De Durban a Bnei Brak, los nuevos hábitos del odio. Del "One jew, one bullet" entonado por algunos representantes de ONG en Durban al cuchillo yemení que perpetra el asesinato concreto de Daniel Pearl: una especie de continuidad. Daniel Pearl murió porque era judío. Daniel Pearl murió víctima de un neo-antijudaísmo que va afianzándose ante nuestros propios ojos. Yo llevo veinticinco años anunciándolo. No somos unos cuantos los que, desde hace veinticinco años, venimos notando y escribiendo que los procesos de legitimación del viejo odio están refundiéndose a fondo. Durante mucho tiempo se dijo: los judíos son odiosos porque mataron a Cristo (antisemitismo cristiano). Porque, al contrario, lo inventaron (antisemitismo moderno, anticatólico, pagano). [...] Cada vez oiremos menos decir que los judíos son abominables en nombre de Cristo, del Anticristo o de la pureza de sangre, eso es lo que creo. Estamos asistiendo a la reformulación de un nuevo discurso, a una nueva justificación de lo peor que, un poco como en tiempos del affaire Dreyfus, pero esta vez a escala mundial, asociará el odio a los judíos con la defensa de los oprimidos: un mecanismo atroz que, con un trasfondo de religión victimaria y mediante la conversión del judío en verdugo y del odiador del judío en nuevo judío [...] legitimará el asesinato del judío adepto a Bush y Sharon. Daniel Pearl murió también por eso.

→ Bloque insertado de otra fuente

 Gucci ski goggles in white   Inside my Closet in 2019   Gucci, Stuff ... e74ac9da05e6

Tres explicaciones, pues, que podrían contentarme. Tres razones por las que matar a Pearl; razones que, cada una por separado y tanto más juntas, deberían bastar para explicar el desenlace del drama.

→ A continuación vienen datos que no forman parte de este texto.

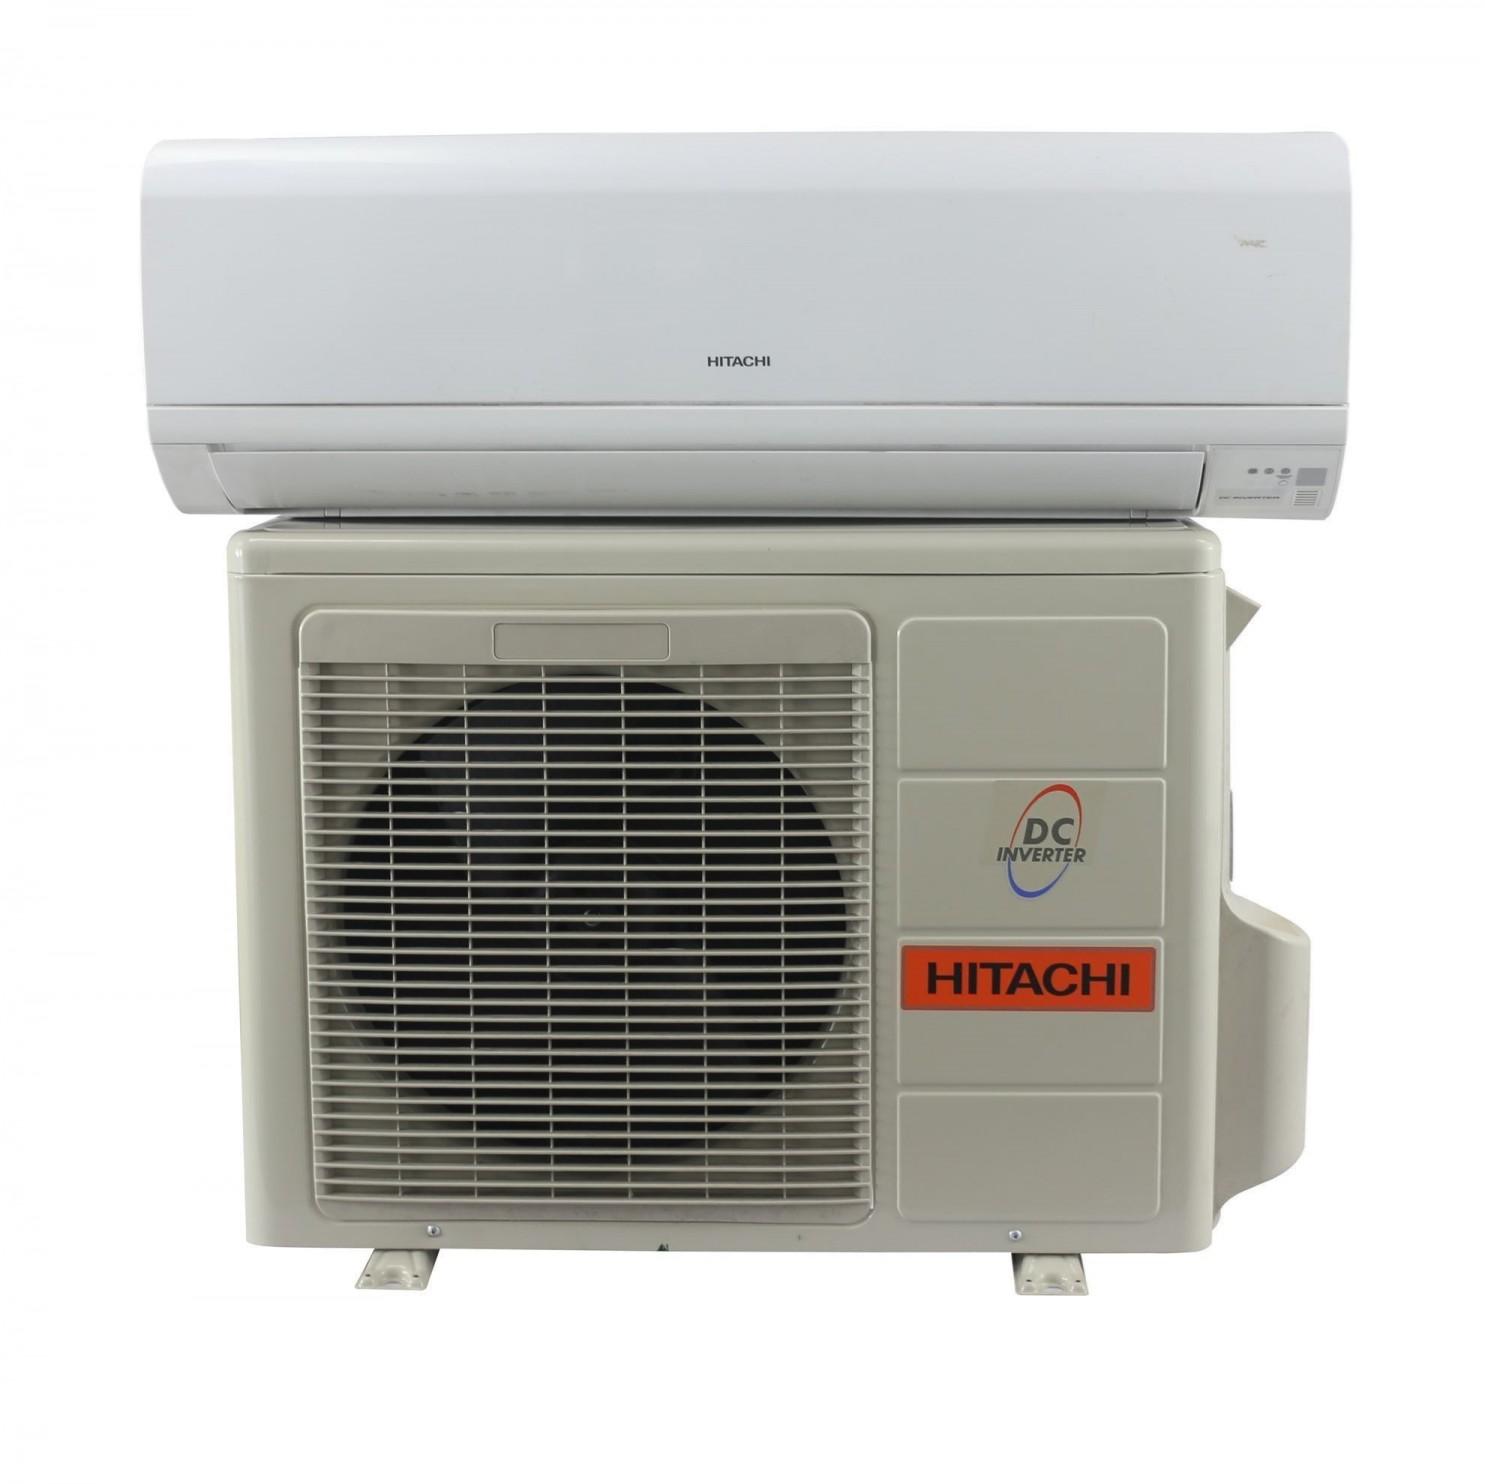 Hitachi air conditioner price in Bangladesh

Sólo que, mira por dónde, no me valen. No; por firmes y buenas que sean, ninguna de esas razones me convence. Ninguna acaba de explicar por qué Al-Qaeda, más los servicios secretos, más el sindicato del crimen en pleno, decidieron eliminar la mañana del día 31 de enero a este judío, a este periodista, a este estadounidense y no a otro.

Y eso por un detalle que, desde que pienso en este caso, hace casi un año, no ha dejado de intrigarme: Daniel Pearl es secuestrado el día 23 de enero; ese día los secuestradores saben que es judío, periodista y estadounidense, son perfectamente conscientes de esta culpabilidad tres veces hiperbólica, y sin embargo esperan hasta el 31, es decir, ocho días después del secuestro, para decidirse a castigar esa triple culpabilidad: lo que forzosamente significa que algo pasó en el curso de esos ocho días, un factor que no estaba el día 23 y sí el 31 y que provocó que, finalmente, se tomara la decisión de matar.